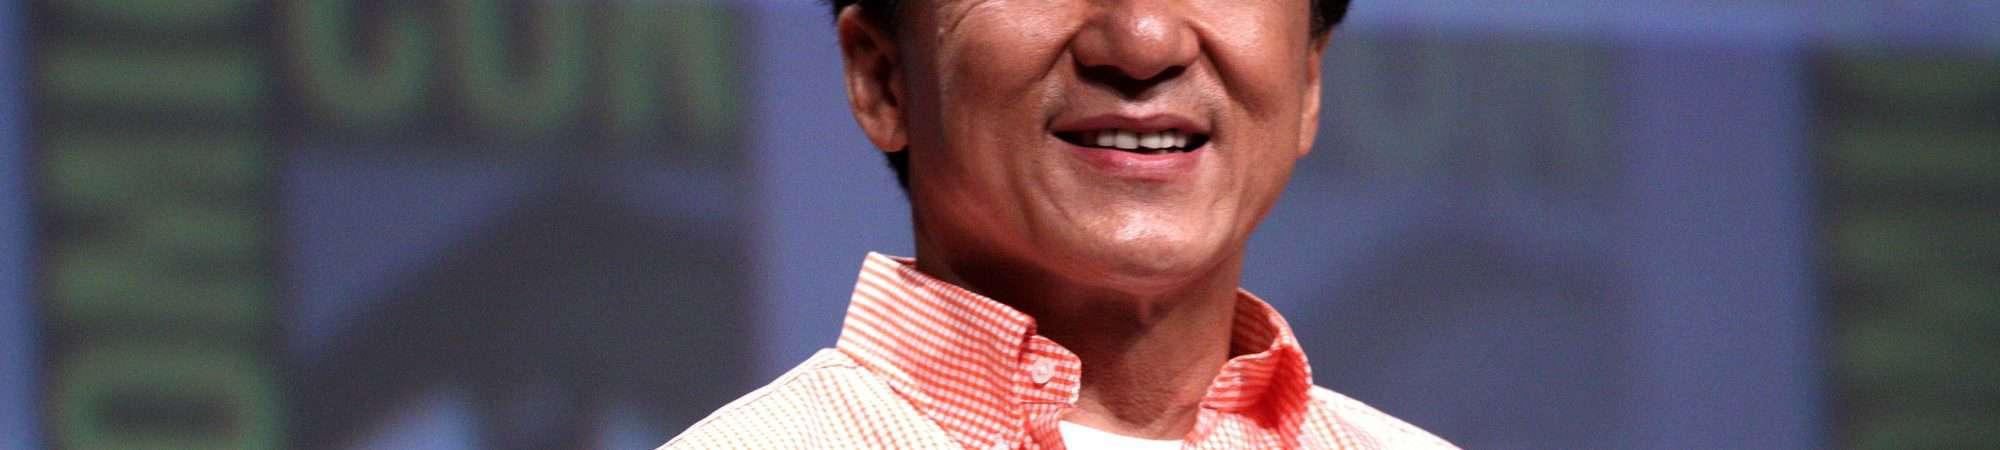 Jackie Chan na San Diego Comic Con
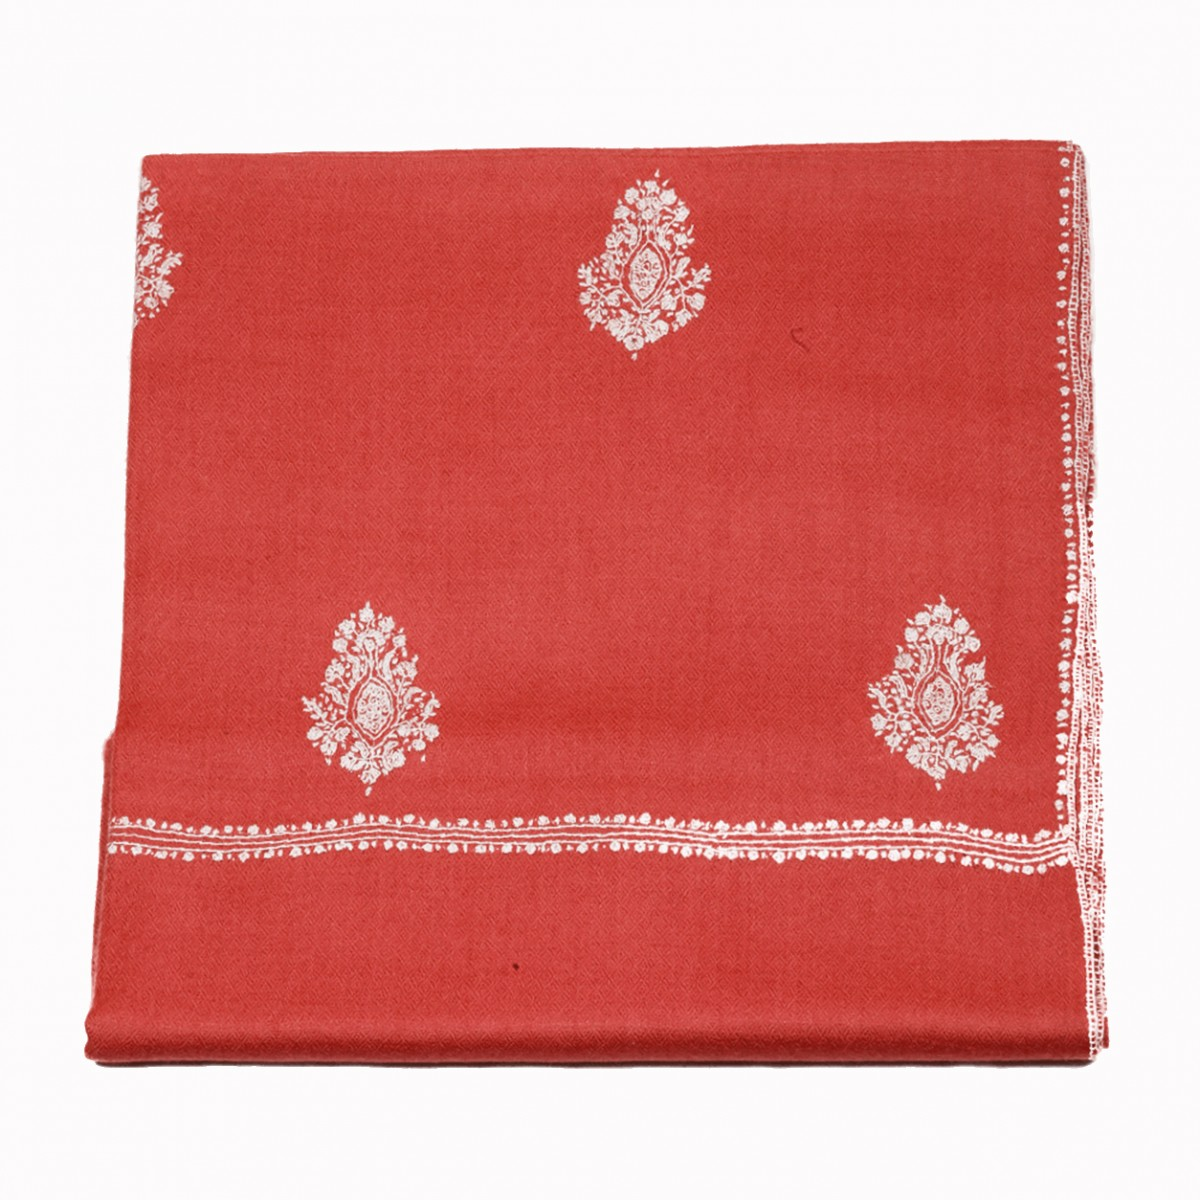 Embroidery Handloom Pashmina - Rouge
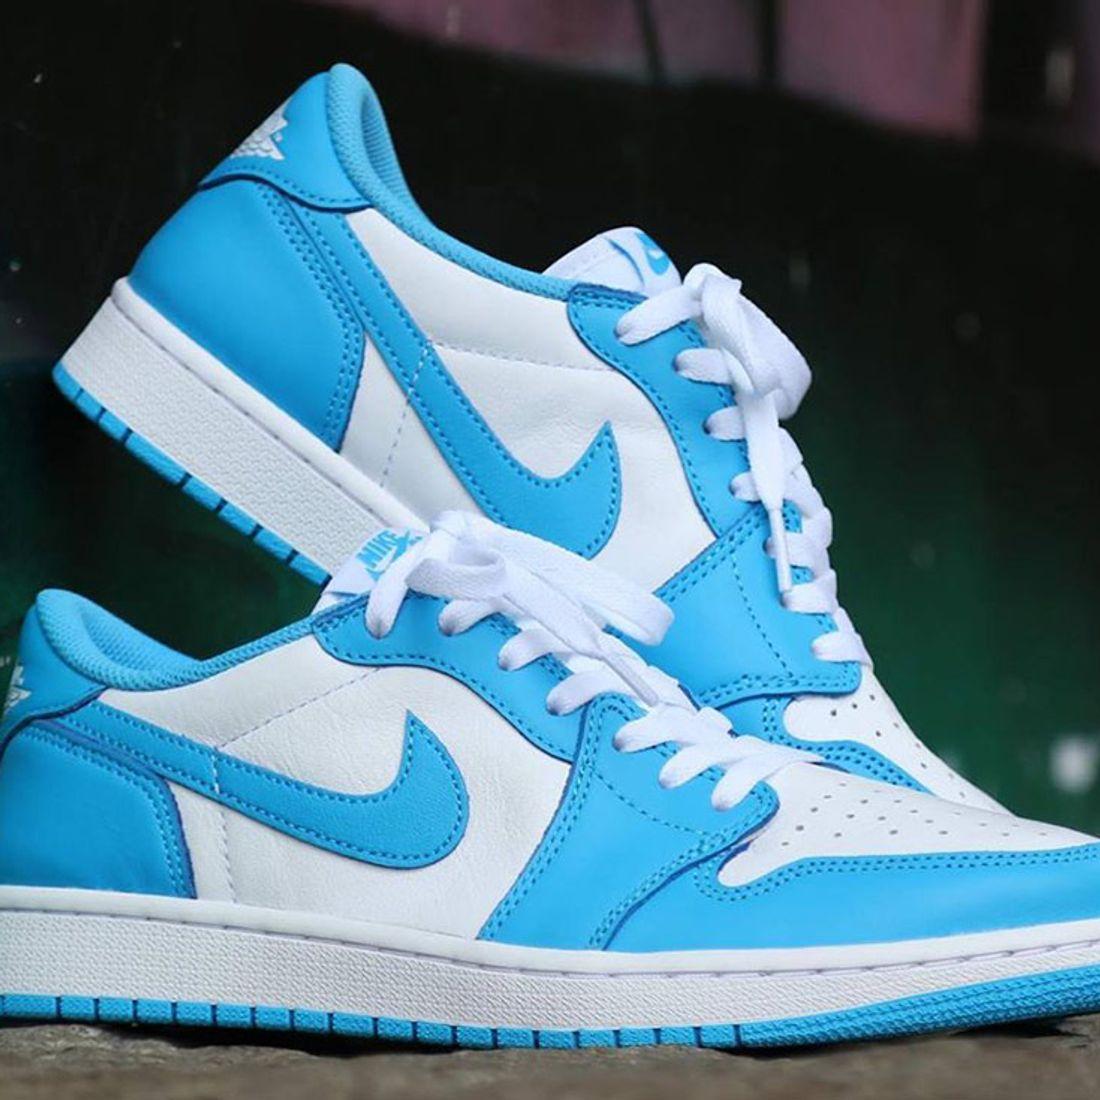 Where To Buy The Nike Sb Air Jordan 1 Low Dark Powder Blue

□ □ □ □

§ **Task to carry out**
In your output, include only the lines from the line containing "Embroidery Handloom Pashmina - Rouge" through the last line of the material above, exactly as they appear, and leave out the pictures.

§ **Output below**
 Embroidery Handloom Pashmina - Rouge
 Where To Buy The Nike Sb Air Jordan 1 Low Dark Powder Blue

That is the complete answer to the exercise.